§ **The data**

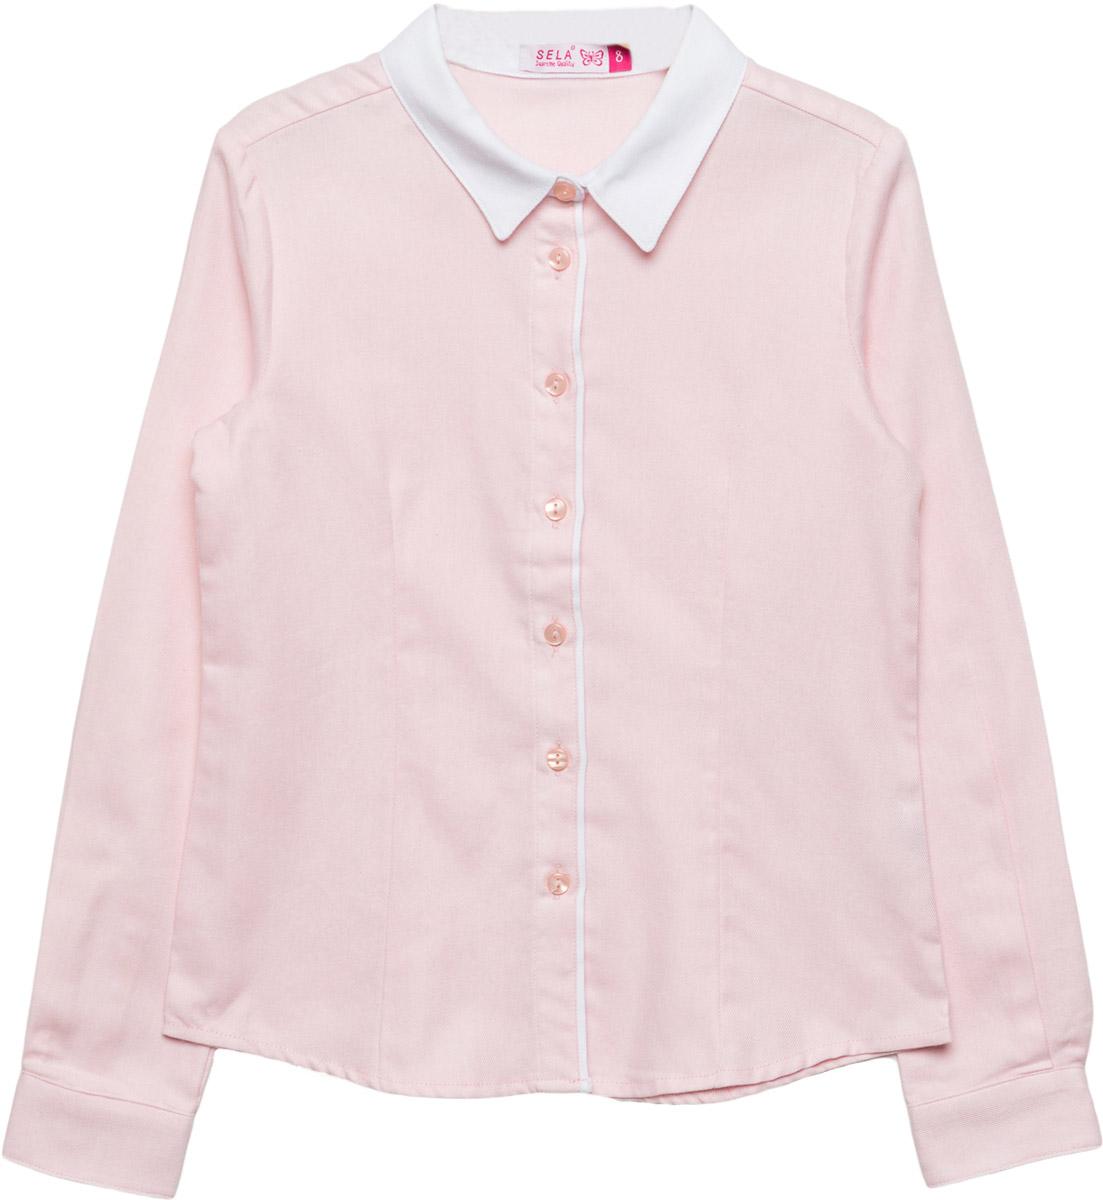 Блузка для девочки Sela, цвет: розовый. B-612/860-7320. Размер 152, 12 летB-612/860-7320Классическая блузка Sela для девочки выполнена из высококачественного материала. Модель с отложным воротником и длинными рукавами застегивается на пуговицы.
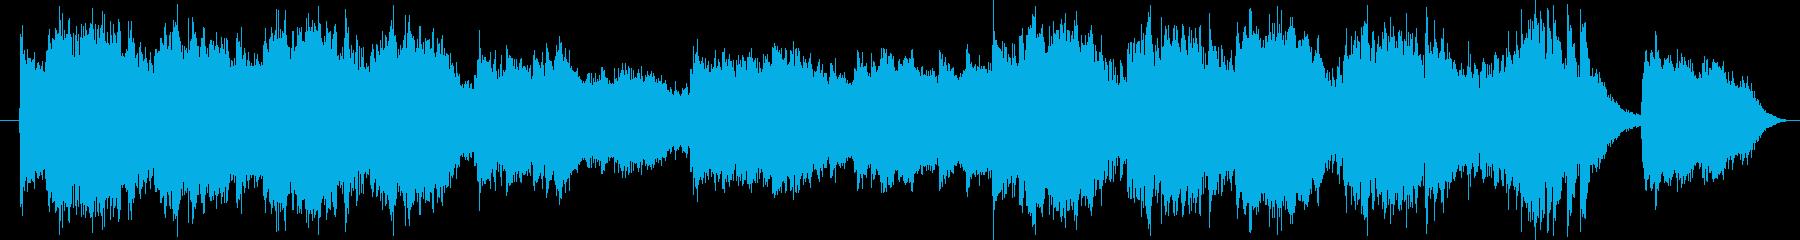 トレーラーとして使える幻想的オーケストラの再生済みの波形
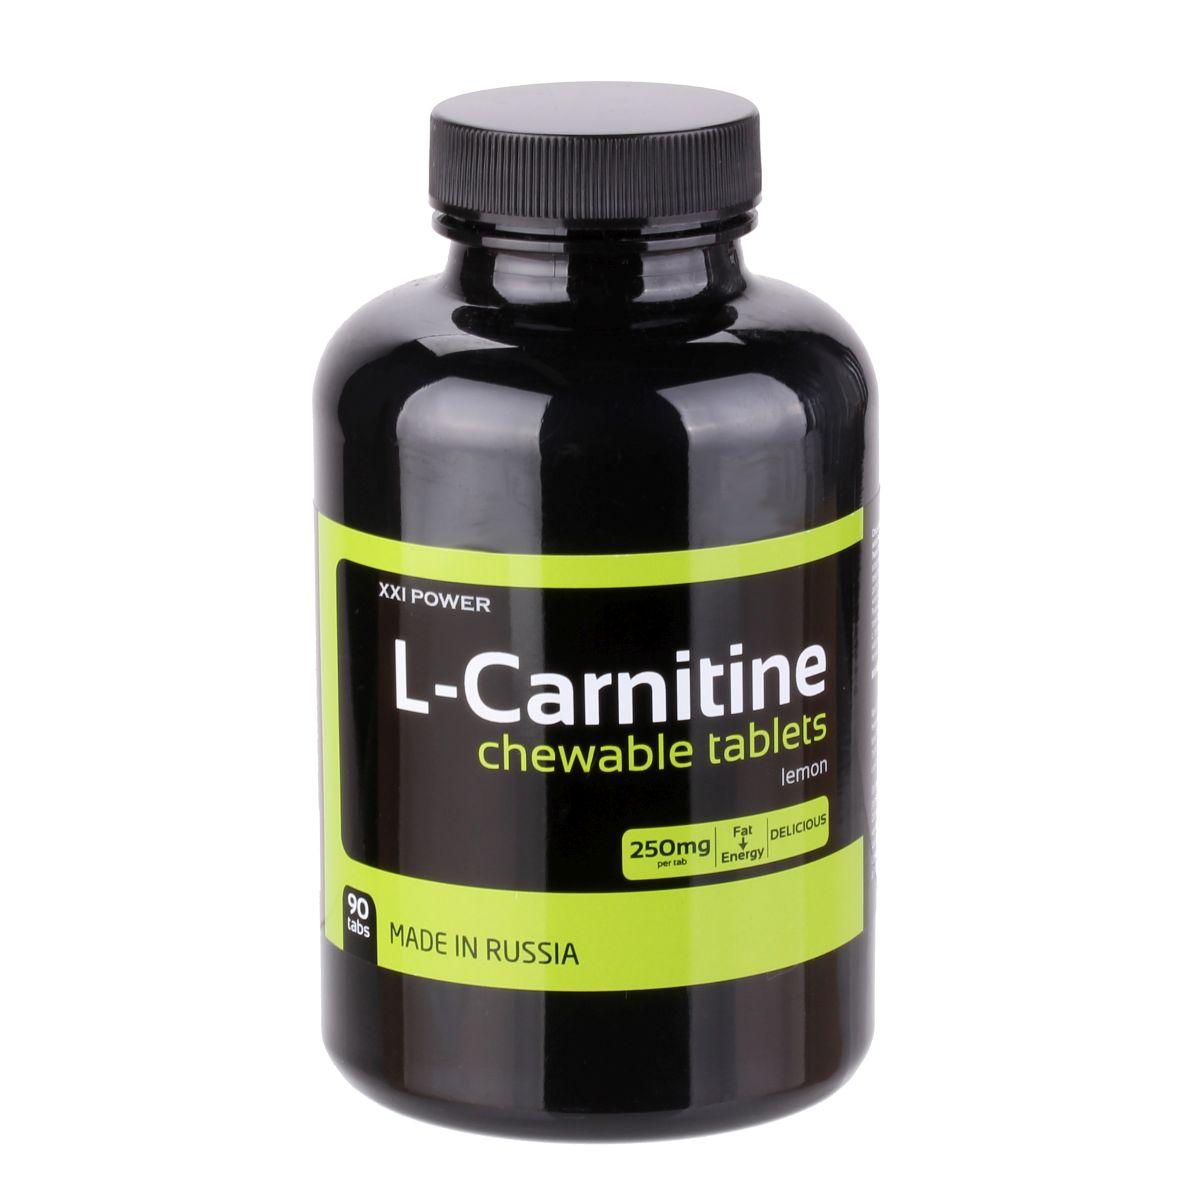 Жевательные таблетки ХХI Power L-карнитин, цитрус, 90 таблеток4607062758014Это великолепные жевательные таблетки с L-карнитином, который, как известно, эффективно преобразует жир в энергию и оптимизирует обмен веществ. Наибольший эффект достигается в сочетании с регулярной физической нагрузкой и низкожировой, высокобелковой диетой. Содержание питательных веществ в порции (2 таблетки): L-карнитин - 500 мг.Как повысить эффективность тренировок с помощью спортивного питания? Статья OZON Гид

§ **Exercise details**
The lines to be transcribed are those from the first line of the data above through the line holding "トレーラーとして使える幻想的オーケストラの再生済みの波形", inclusive; copy them exactly and only, leaving out the pictures.

§ **Exercise answer**
 Блузка для девочки Sela, цвет: розовый. B-612/860-7320. Размер 152, 12 летB-612/860-7320Классическая блузка Sela для девочки выполнена из высококачественного материала. Модель с отложным воротником и длинными рукавами застегивается на пуговицы.
 トレーラーとして使える幻想的オーケストラの再生済みの波形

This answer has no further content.